Sprint Played Softball for Too Long

  In observing the events leading up to Gary Forsee’s removal as Sprint CEO in October, and the company’s ensuing abandonment of their WiMax-service partnering with Clearwire, one thing becomes obvious.  Well, 3 things.  The first is so obvious I don’t even have to say it: Large mergers rarely work in tech (see HP-Compaq, Alcatel-Lucent, etc.), and equity is destroyed.  Sprint-Nextel is no exception.

The second is that post-merger decisions can’t be done by committee.  It can’t be done by canvassing employees to see what strategy they prefer, or where they want to work (Sprint’s operations are still split between Kansas City and the Washington DC area). 
The merger execution has to be a bit dictatorial.  The corporate office has to issue marching orders, and directors must execute.  (similar holds for corporate re-organizations)
Otherwise the mergers are even more vulnerable to losing market share than they already are.

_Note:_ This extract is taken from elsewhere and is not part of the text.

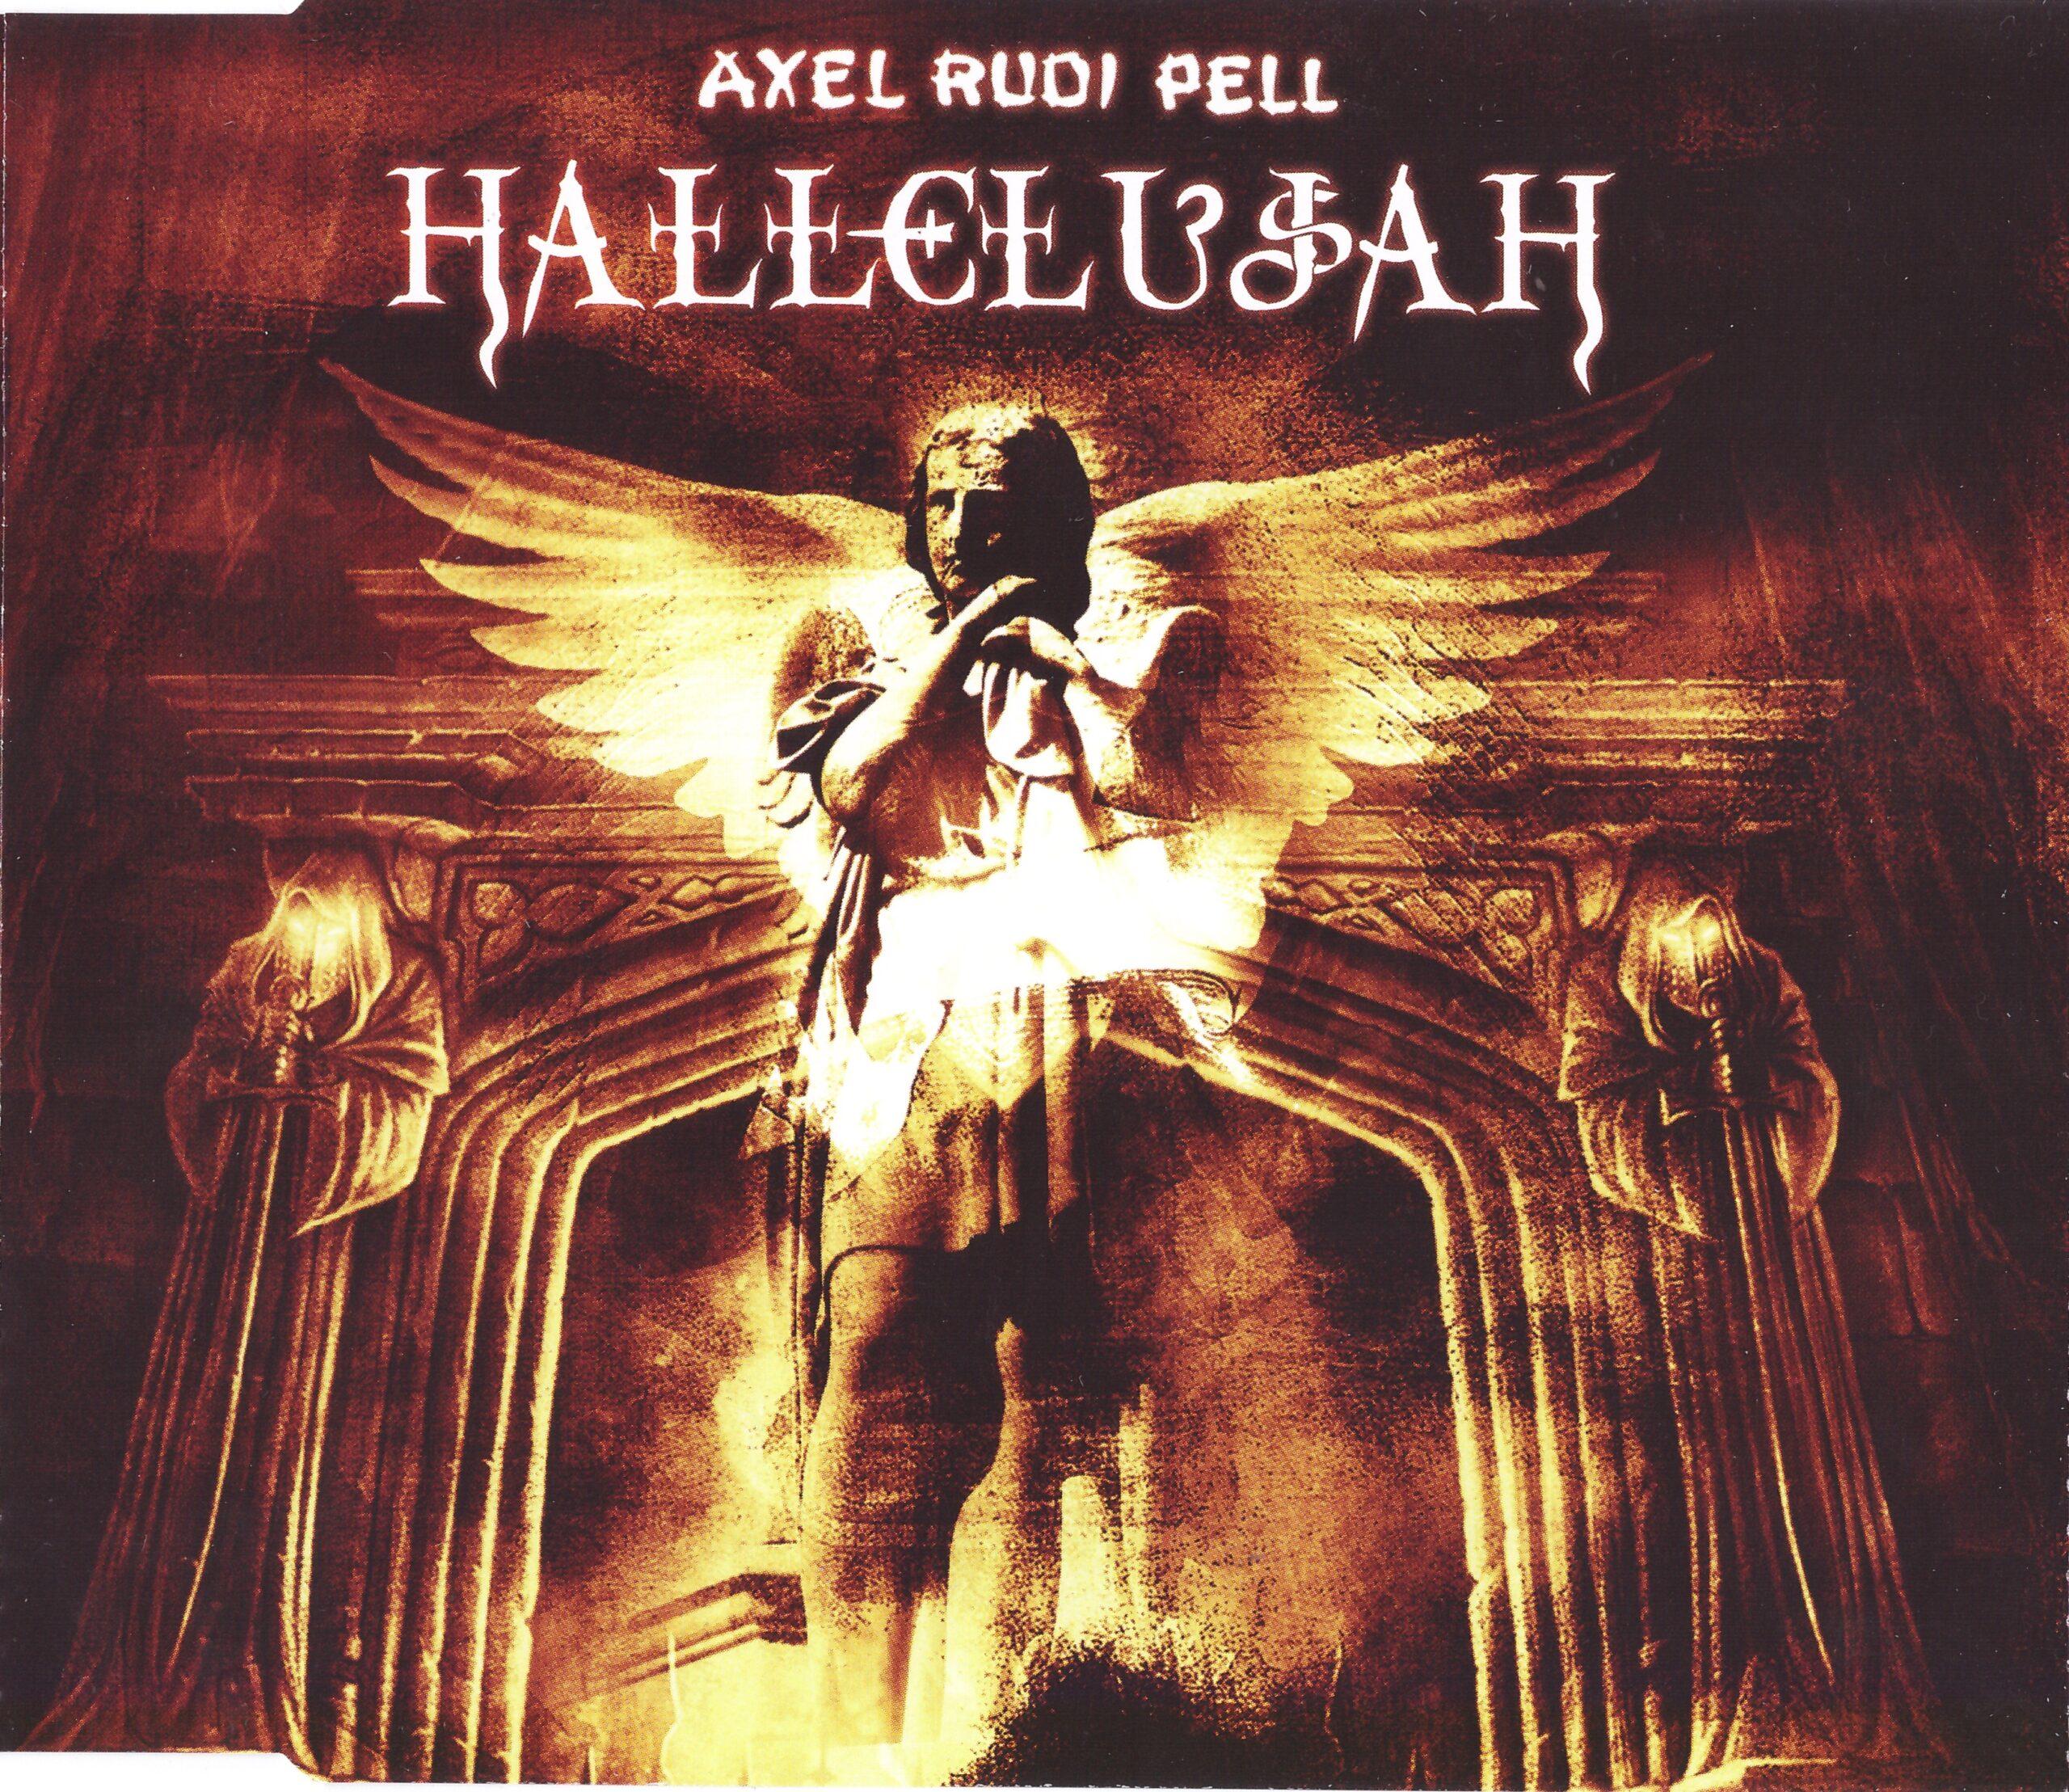 Axel Rudi Pell  — Hallelujah CDS (2011)

The third thing is tied to the second: A firm implementation plan for what to do with the network assets, handset product lines, services offering, billing, and customer service has to be completed within the first 3 months.  Sure, there must be plenty of fact-finding and weighing of options during this time, but then the orders have to come.  The following 12-18 months need to be about executing the plan.

Despite the problems with Sprint’s difficult merger, I look forward to seeing them leverage their assets and ultimately offering an irresistible proposition to the marketplace.

Until Sprint can become competitive, there’s clearly less incentive for “the other guys” to do some innovating and to offer consumers a better deal.